When a character in Wallace Shawn’s 1985
play asked to be called Miss Cat, I saw a couple of colleagues exchange
here-we-go-again looks. In fact, this piece bears little resemblance to
the same author’s protracted kitty-fiddling riff
Grasses Of A Thousand Colours
currently playing upstairs at the Court… heavens, it even includes
longish segments in which characters speak to each other onstage. It
does, however, share a fundamental attitude: a profound ambivalence
towards his native New York intellectual set.

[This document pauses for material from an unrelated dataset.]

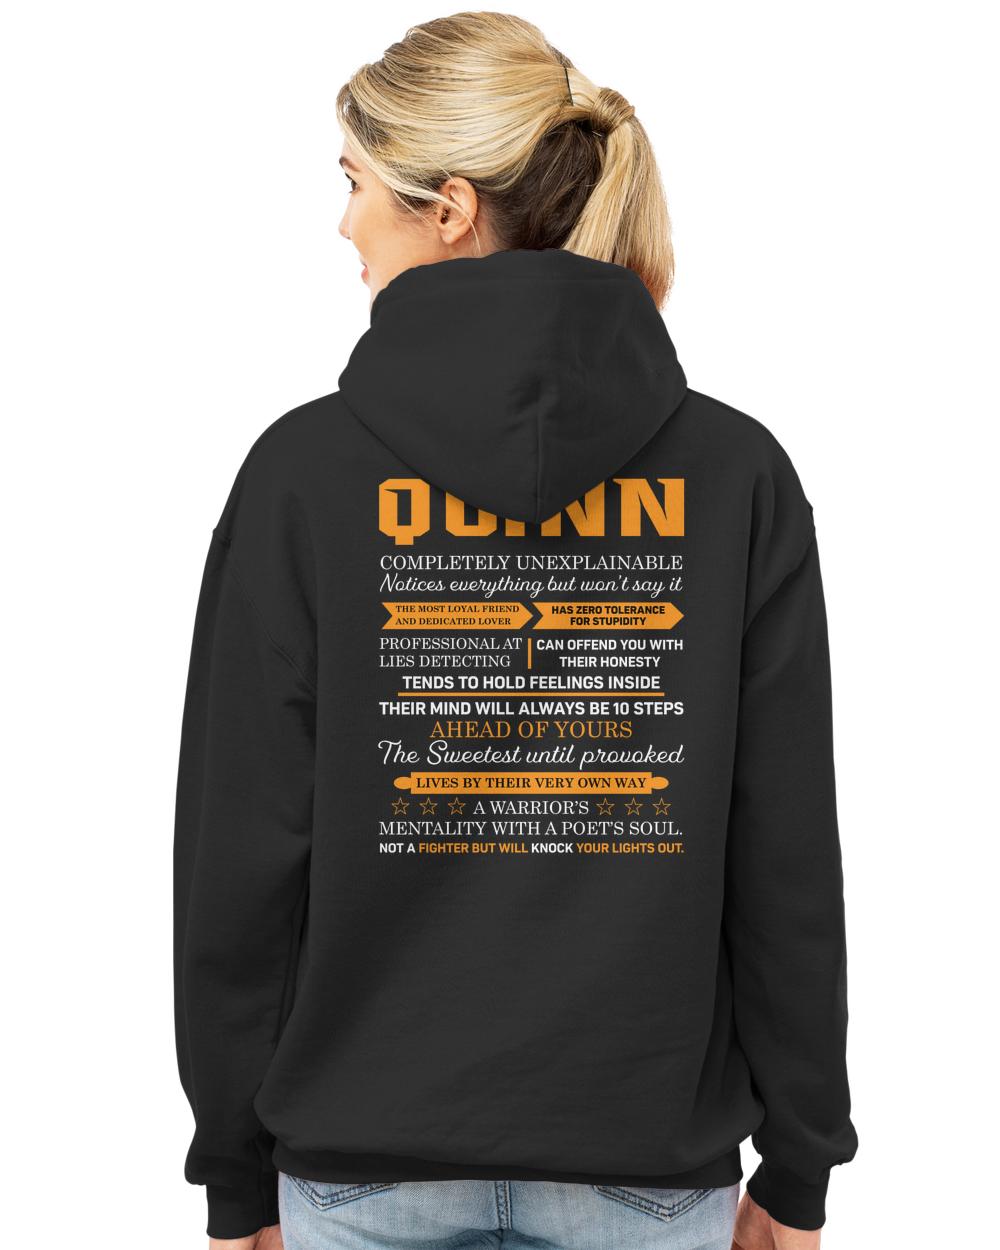 QUINN-H2-N1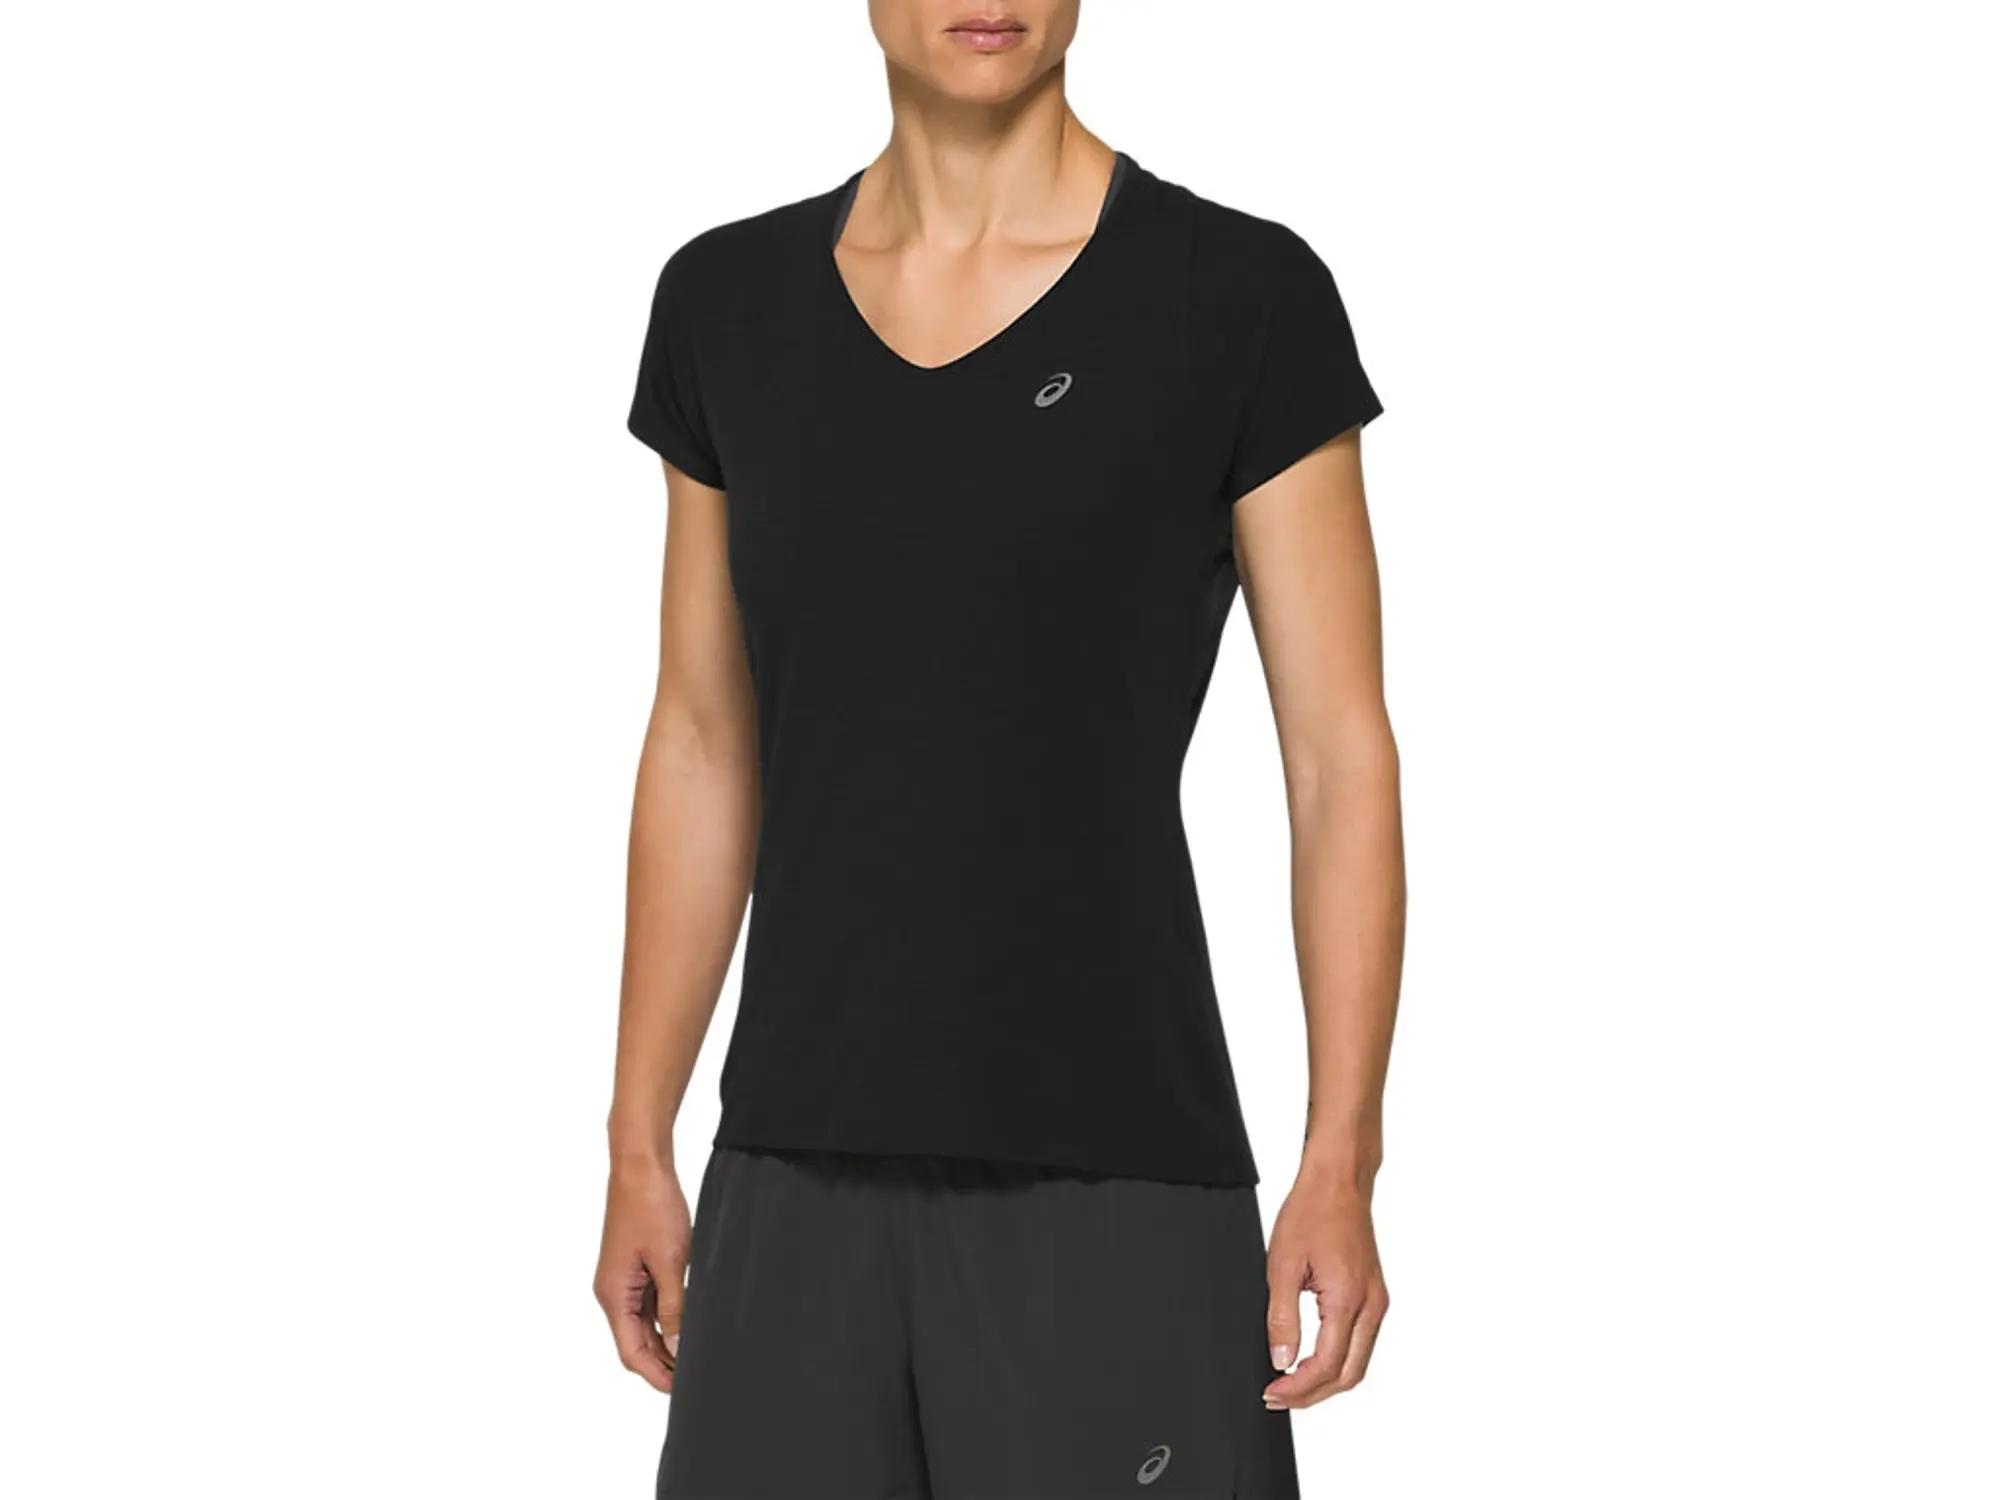 Asics V Neck Short Sleeve T Shirt Womens - Black

Aunt Dan And Lemon may be set in
England, but it is indistinguishable from Shawn’s usual dramatic NYC
socially, or even lexically – it features a London in which people live
“on the South Side”.
Almost all of Shawn’s plays contain indictments of what he sees as the
solipsism and social detachment of this stratum; some (including
Grasses) visit upon them an
implicitly deserved apocalypse of one kind or another. But whether
intentionally or not, Shawn usually ends up showing a kind of
admiration of the Nietzschean purity of will embodied in such
selfishness. It is not unlike the canard of yore, “Love her or hate
her, you’ve got to admire Thatcher’s conviction.” Here, too, the
central emblem of the loathed value system is cripplingly dated. What
feels like half an hour of the 110-minute playing time is devoted to
Aunt Dan’s increasingly fervent championing of Henry Kissinger’s
Vietnam policy; already a decade old when the play premièred, it
now – notwithstanding more recent echoes in the Iraq venture – feels
like a curio.
Dominic Cooke’s production is good on feeling, on texture. Scenes flow
into each other without demarcation, and characters do not so much
enter and exit as simply seem to materialise in the stream of Lemon’s
reminiscences of her childhood and the stories told her by “Aunt” Dan
of
her friends. Lorraine
Ashbourne as Dan never quite scintillates enough to explain Lemon’s
fascination with her, although she is undoubtedly a powerful presence.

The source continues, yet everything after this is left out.